The stock options scheme, or share options, is a relevant remuneration tool available to joint-stock companies. Indeed, it's about the company offering all or some of the employees the opportunity to subscribe or acquire shares at a price predetermined in advance.
The goal? To involve and interest employees and managers in the company's capital and results, to retain them and motivate them to contribute to the development of the structure.
Stock options: what are they?
Established by the law no. 70-1322 of December 31, 1970 relating to the opening of options for subscription or purchase of shares for the benefit of company staff, stock options are an employee shareholding mechanism, like BSPCE, BSA or even AGA.
This scheme is part of a remunerative and strategic approach whose purpose is to encourage employees and managers to get involved in the company's growth and to guide their action in this direction.
The option to buy or subscribe shares involves a company offering all or part of the employees the opportunity to buy or subscribe shares (shares) at a price determined at the time of allocation. The option holder is thus free to exercise or not exercise the option depending on the evolution of the share value.
The legal regime of stock options is framed by specific provisions in the articles L225-177 and following and R225-137 and following of the Commercial Code.
Which companies can grant stock options?
All joint-stock companies, listed or not, can grant stock options to their employees and corporate officers. More concretely, simplified joint-stock companies (SAS), public limited companies (SA) or even partnership limited by shares (SCA) can resort to this form of employee shareholding.
In addition, the law, and more specifically Article 80 III of the CGI, allows companies whose head office is abroad to grant share options to employees working in a French subsidiary or parent company.
Who can benefit from this?
Employees and corporate officers of a joint-stock company can benefit from stock options.
Employees
In application of the article L225-180 of the Commercial Code, a joint-stock company can grant options on securities to the benefit of:
- the company's employees or to some of them;
- the employees of companies or economic interest groups (EIG) holding, directly or indirectly, at least 10% of the capital or voting rights of the company granting the options (parent companies);
- the employees of companies or economic interest groups (EIG) of which at least 10% of the capital or voting rights are held, directly or indirectly, by the company granting the options (subsidiary companies);
- the employees of companies or EIGs of which at least 50% of the capital or voting rights are held, directly or indirectly, by a company itself holding, directly or indirectly, at least 50% of the capital of the company granting the options (sister companies).
💡However, a non-listed company can only grant stock options to its employees and corporate officers, as well as to the employees of its subsidiaries. Excluded are the employees and corporate officers of its parent or sister companies, as well as the corporate officers of its subsidiaries.
Corporate officers
In accordance with the article L225-185 of the Commercial Code, corporate officers invested with a management function can receive options giving the right to subscribe to shares.
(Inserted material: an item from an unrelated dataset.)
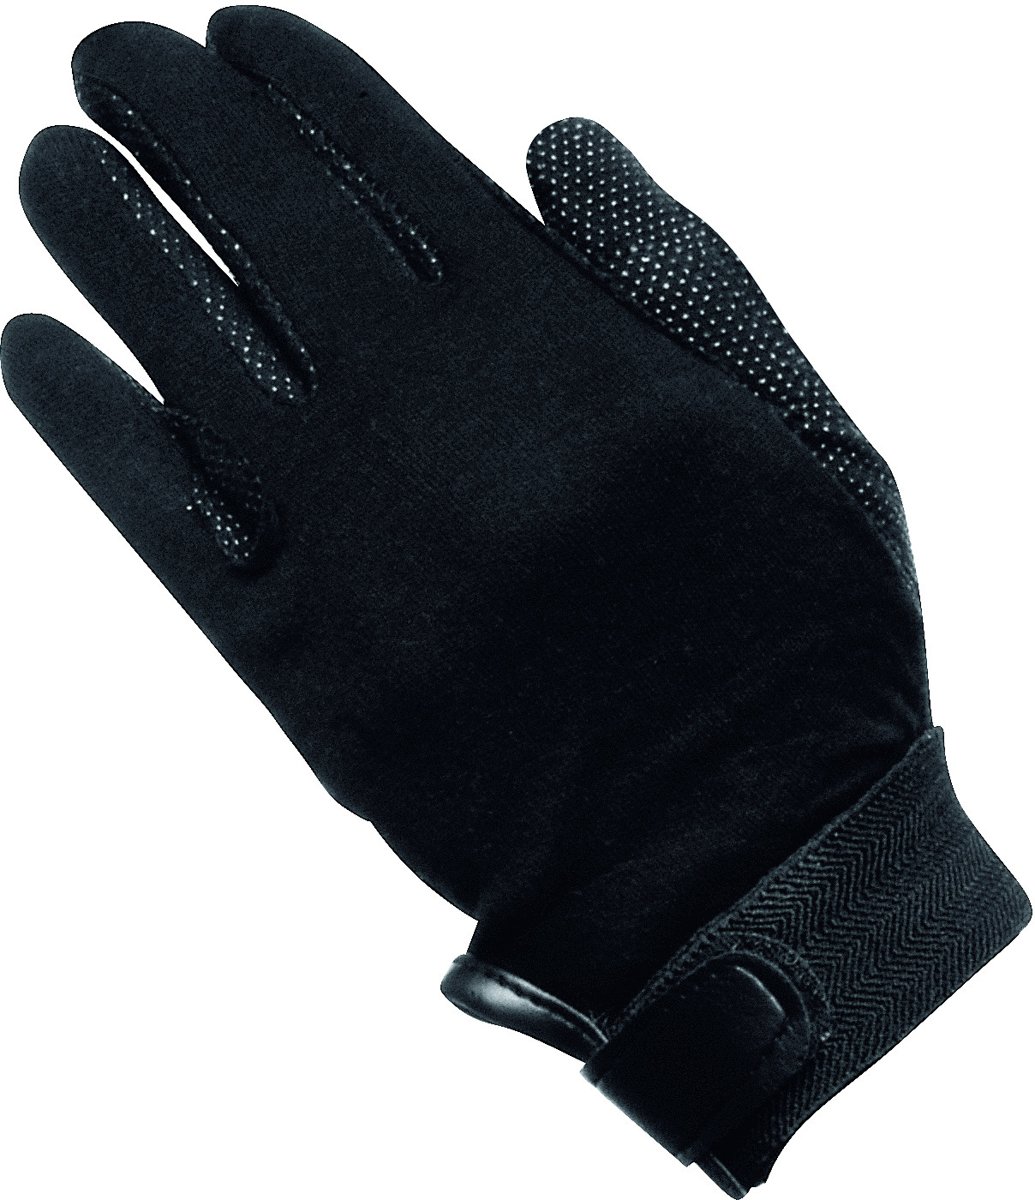 Knit-Cotton Gloves Picot black 10-12 years

These leaders are the following:
- The chairman of the board of directors;
- The CEO;
- The Deputy CEOs;
- Members of the management board;
- The manager of a joint-stock company.
💡Members of the supervisory board and directors of the board of directors cannot benefit from stock options.
By exception, individual corporate officers participating in the establishment or takeover of a company can benefit from options on securities, even if they do not perform a management function. However, these options can only be granted for a period of 2 years from the registration of the company.
Within what limits are securities options granted?
According to the provisions of the article L225-182 of the Commercial Code, the allocation of stock options is framed by a double ceiling:
- An individual limit concerning beneficiaries: employees and corporate officers who hold more than 10% of the company's share capital cannot be granted options;
- A global limit concerning the issuing company: the total number of options granted by the company and not yet exercised by their beneficiaries cannot give the right to subscribe to a number of shares exceeding one third of the share capital, by virtue of the article R225-13 of the Commercial Code.
How does the allocation of stock options work?
The decision to grant purchase or subscription options for shares to the company's staff members belongs exclusively to the extraordinary general meeting (EGM), as reminded by article L225-177 paragraph 1 of the Commercial Code. It is also up to it to determine the period during which the options can be granted. However, this period cannot exceed 38 months.
The conditions under which stock options are granted are set by the board of directors or the management board. Indeed, it is up to these bodies to determine the number of options granted, the beneficiaries, the exercise price, the conditions for exercising the options, etc.
Once the stock options are allocated, the beneficiaries are free to exercise the option within the exercise period set by the EGM. In case of exercising the option, i.e., the acquisition of shares, they can realize a gain, called the option exercise gain. The holders can then resell the shares on the day of the exercise, or defer the sale if they deem it appropriate.
💡The underlying shares are inalienable until the option is exercised, in accordance with article L225-183 paragraph 2 of the Commercial Code.